▶ _YOUR GOAL_
Using the records below, write out again exactly the lines that begin at the line containing "Two men in personal" and end at the line containing "Chaqueta impermeable mujer Shimano Windflex", and no other lines.

▶ _ENTRIES SUPPLIED_
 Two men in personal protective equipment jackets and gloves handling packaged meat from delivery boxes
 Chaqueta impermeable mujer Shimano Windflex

* * *

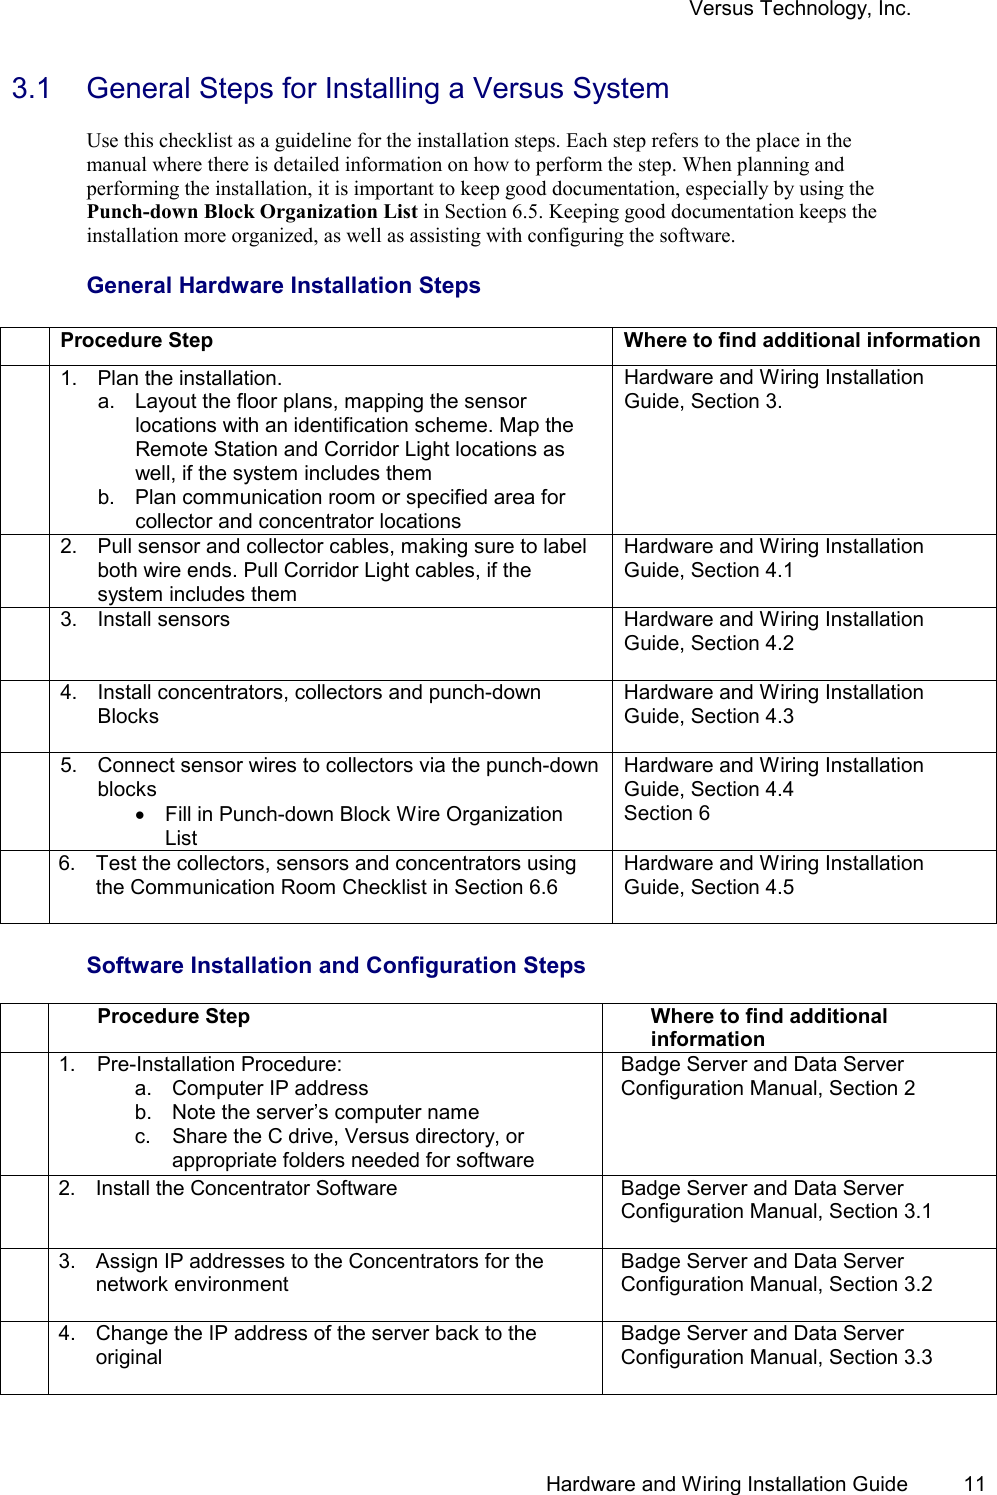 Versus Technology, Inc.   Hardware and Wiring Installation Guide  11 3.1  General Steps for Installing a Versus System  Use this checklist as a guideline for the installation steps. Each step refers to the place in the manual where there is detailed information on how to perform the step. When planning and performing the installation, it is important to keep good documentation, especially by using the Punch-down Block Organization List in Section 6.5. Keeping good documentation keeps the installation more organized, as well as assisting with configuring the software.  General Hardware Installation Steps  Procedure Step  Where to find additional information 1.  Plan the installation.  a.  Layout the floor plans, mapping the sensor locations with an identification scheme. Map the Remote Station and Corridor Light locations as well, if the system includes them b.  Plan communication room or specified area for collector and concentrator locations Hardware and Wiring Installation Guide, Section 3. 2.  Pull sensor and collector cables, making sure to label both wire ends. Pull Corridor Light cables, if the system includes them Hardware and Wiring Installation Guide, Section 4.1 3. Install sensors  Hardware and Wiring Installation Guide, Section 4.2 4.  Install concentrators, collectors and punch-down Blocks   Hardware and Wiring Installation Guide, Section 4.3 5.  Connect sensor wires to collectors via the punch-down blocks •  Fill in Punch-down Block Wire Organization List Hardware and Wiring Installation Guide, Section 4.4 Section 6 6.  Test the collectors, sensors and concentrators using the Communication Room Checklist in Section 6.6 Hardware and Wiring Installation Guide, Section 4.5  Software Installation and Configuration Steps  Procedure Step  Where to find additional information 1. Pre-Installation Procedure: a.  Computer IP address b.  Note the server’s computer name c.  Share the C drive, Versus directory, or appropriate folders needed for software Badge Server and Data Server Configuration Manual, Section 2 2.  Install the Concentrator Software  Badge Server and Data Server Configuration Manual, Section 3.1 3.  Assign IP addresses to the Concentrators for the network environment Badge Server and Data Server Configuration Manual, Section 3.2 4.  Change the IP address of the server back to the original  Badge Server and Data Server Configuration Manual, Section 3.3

▶ _EXPECTED ANSWER_
 Two men in personal protective equipment jackets and gloves handling packaged meat from delivery boxes
 Chaqueta impermeable mujer Shimano Windflex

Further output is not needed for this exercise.